Transfer Learning in Infinite Width Feature Learning Networks

ICLR 2026 Conference SubmissionAnonymous Authors

OpenReview Score: 6.0 Download Report PDF

Transfer LearningInfinite WidthKernel Methods;

We develop a theory of transfer learning in infinitely wide neural networks under gradient flow that quantifies when pretraining on a source task improves generalization on a target task.
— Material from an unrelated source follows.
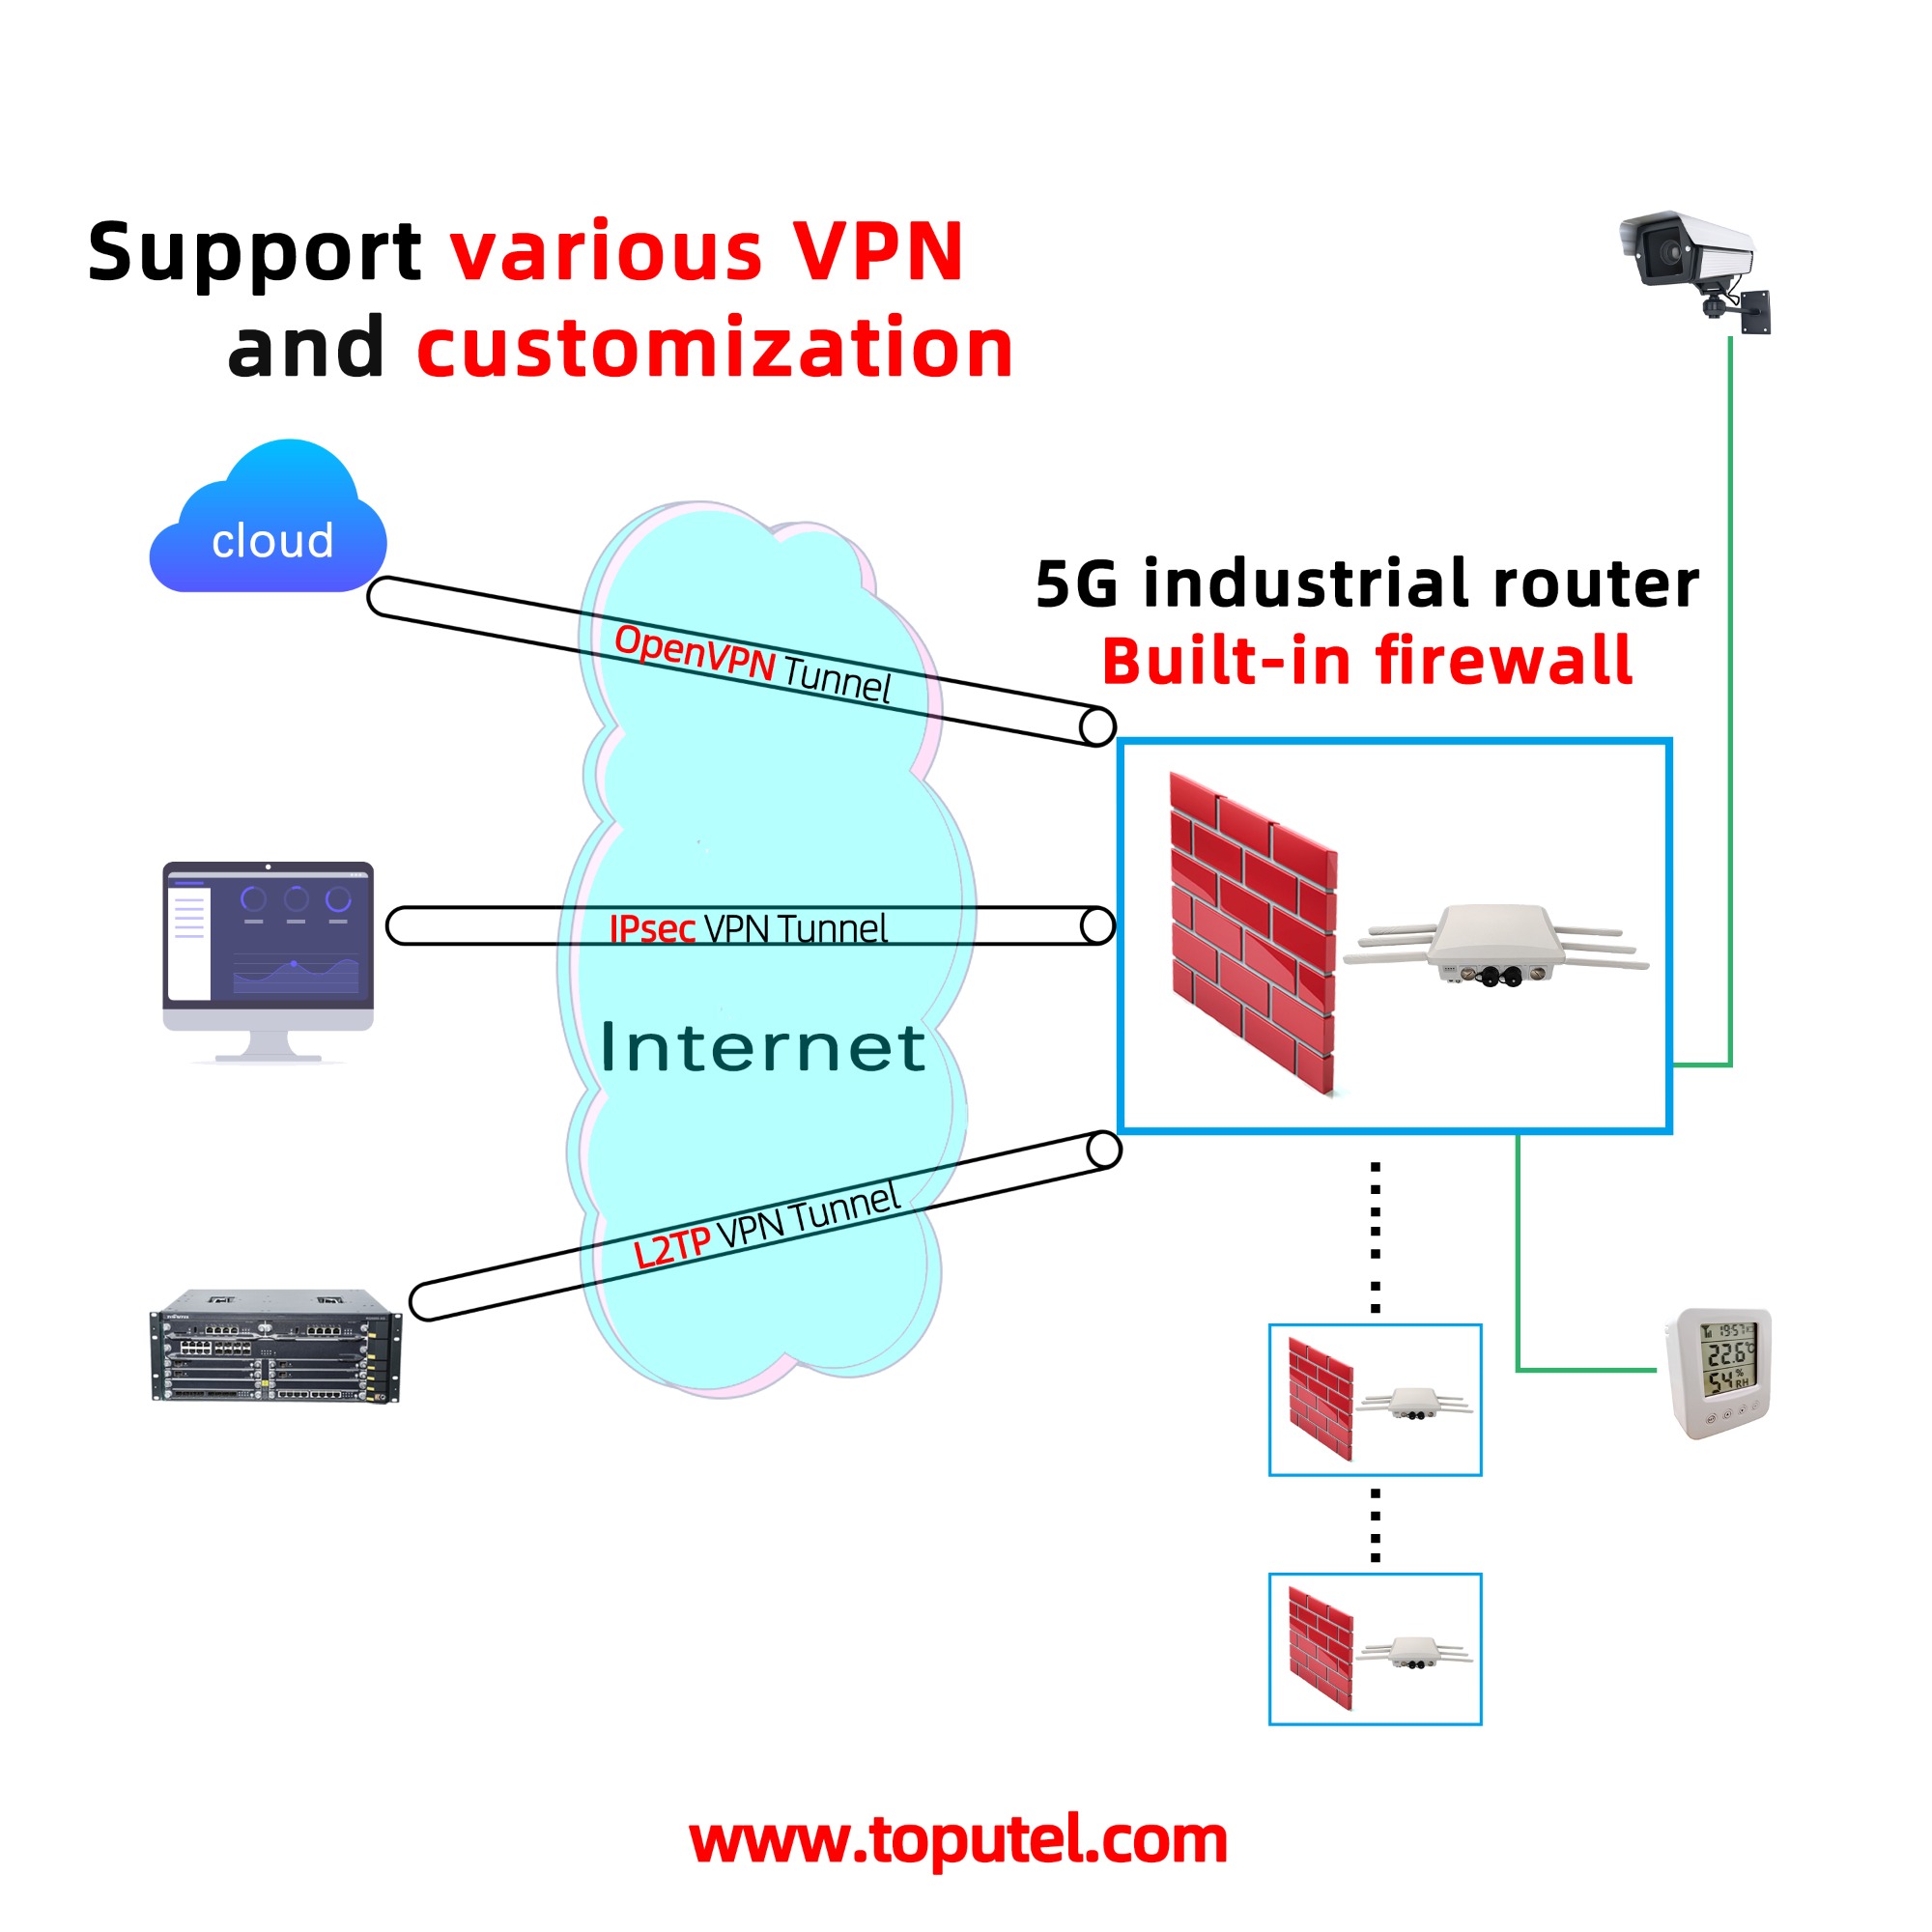 Built-in firewall and support various VPN and customization- 5G Industrial Router RG5000-OD

We analyze both (i) fine-tuning, when the downstream predictor is trained on top of source-induced features and (ii) a jointly rich setting, where both pretraining and downstream tasks can operate in a feature learning regime, but the downstream model is initialized with the features obtained after pre-training. In this setup, the summary statistics of randomly initialized networks after a rich pre-training are adaptive kernels which depend on both source data and labels. For (i), we analyze the performance of a readout for different pretraining data regimes. For (ii), the summary statistics after learning the target task are still adaptive kernels with features from both source and target tasks. We test our theory on linear and polynomial regression tasks as well as real datasets. Our theory allows interpretable conclusions on performance, which depend on the amount of data on both tasks, the alignment between tasks, and the feature learning strength.

Abstract:

Disclaimer

This report is AI-GENERATED using Large Language Models and WisPaper (A scholar search engine). It analyzes academic papers' tasks and contributions against retrieved prior work. While this system identifies POTENTIAL overlaps and novel directions, ITS COVERAGE IS NOT EXHAUSTIVE AND JUDGMENTS ARE APPROXIMATE. These results are intended to assist human reviewers and SHOULD NOT be relied upon as a definitive verdict on novelty.
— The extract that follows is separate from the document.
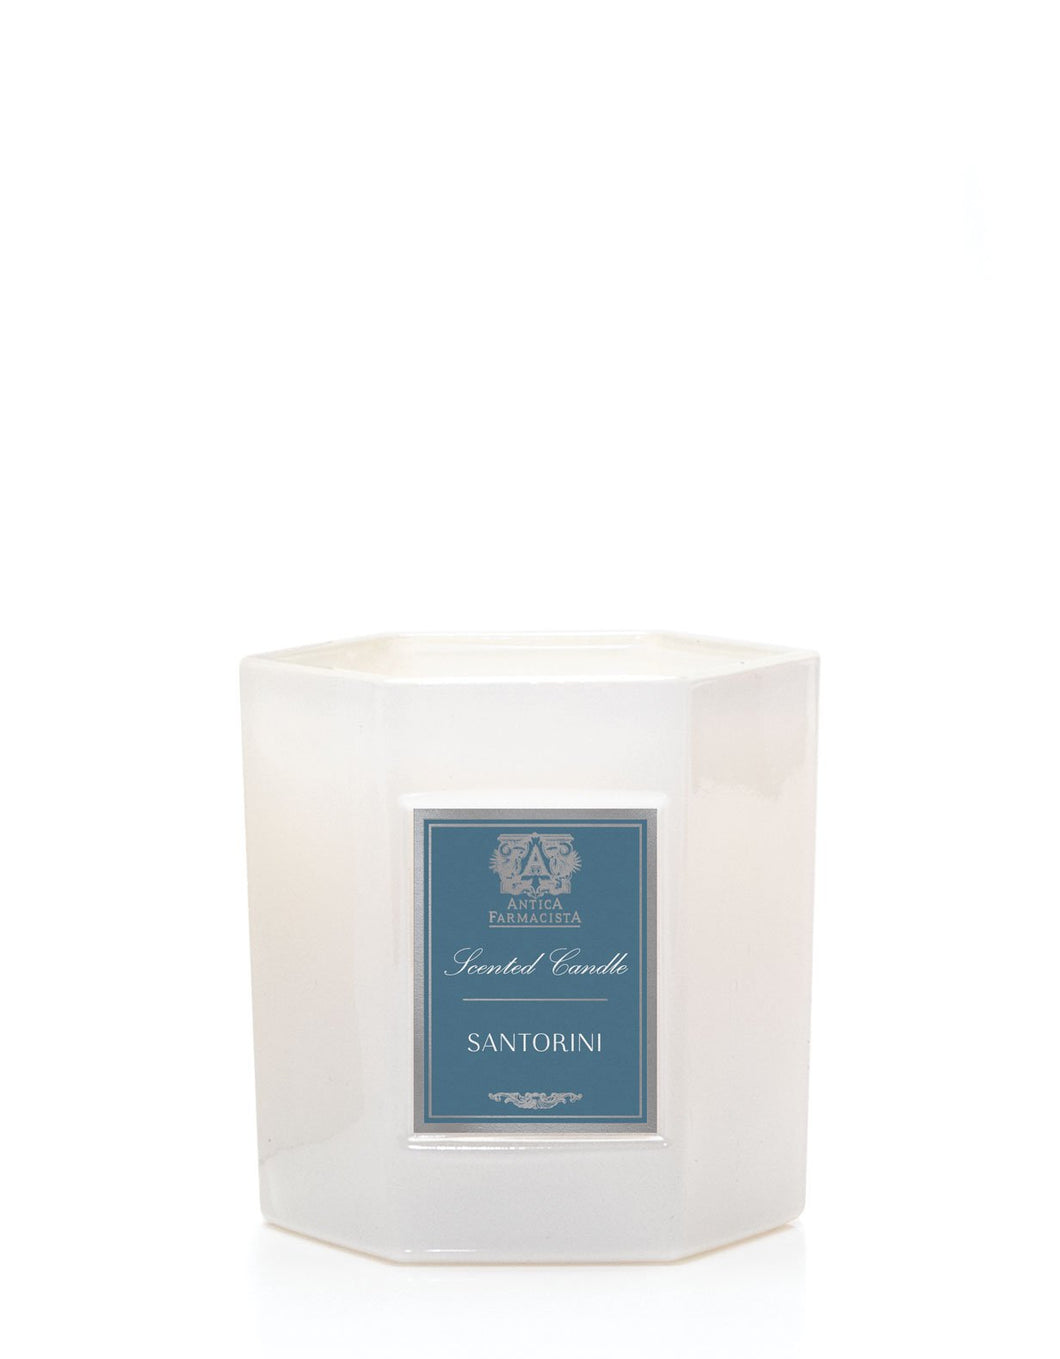 Hexagonal soft white glass candle with blue Antica Farmacista label

NOTE that some papers exist in multiple, slightly different versions (e.g., with different titles or URLs). The system may retrieve several versions of the same underlying work. The current automated pipeline does not reliably align or distinguish these cases, so human reviewers will need to disambiguate them manually.

If you have any questions, please contact: mingzhang23@m.fudan.edu.cn

Overview

Overall Novelty Assessment

The paper develops a theory of transfer learning in infinitely wide neural networks under gradient flow, analyzing both fine-tuning and jointly rich settings where pretraining induces adaptive kernels. It resides in the 'Tensor Programs and Parametrization Schemes' leaf, which contains only three papers total. This is a relatively sparse research direction within the broader taxonomy of sixteen papers across eleven leaf nodes, suggesting the paper targets a specialized intersection of feature learning theory and transfer learning that has received limited prior attention in the infinite-width literature.

The taxonomy reveals that the paper's immediate neighbors focus on parametrization methods enabling feature learning beyond kernel regimes, while sibling leaves address alternative scaling schemes and depth-dependent hyperparameter transfer. Nearby branches examine optimization dynamics through mean-field or NTK lenses, and application domains including adversarial robustness and computational implementations. The paper bridges feature learning theory with transfer learning applications, a connection less explored in adjacent leaves that either emphasize pure theoretical frameworks or domain-specific empirical studies without the transfer learning focus.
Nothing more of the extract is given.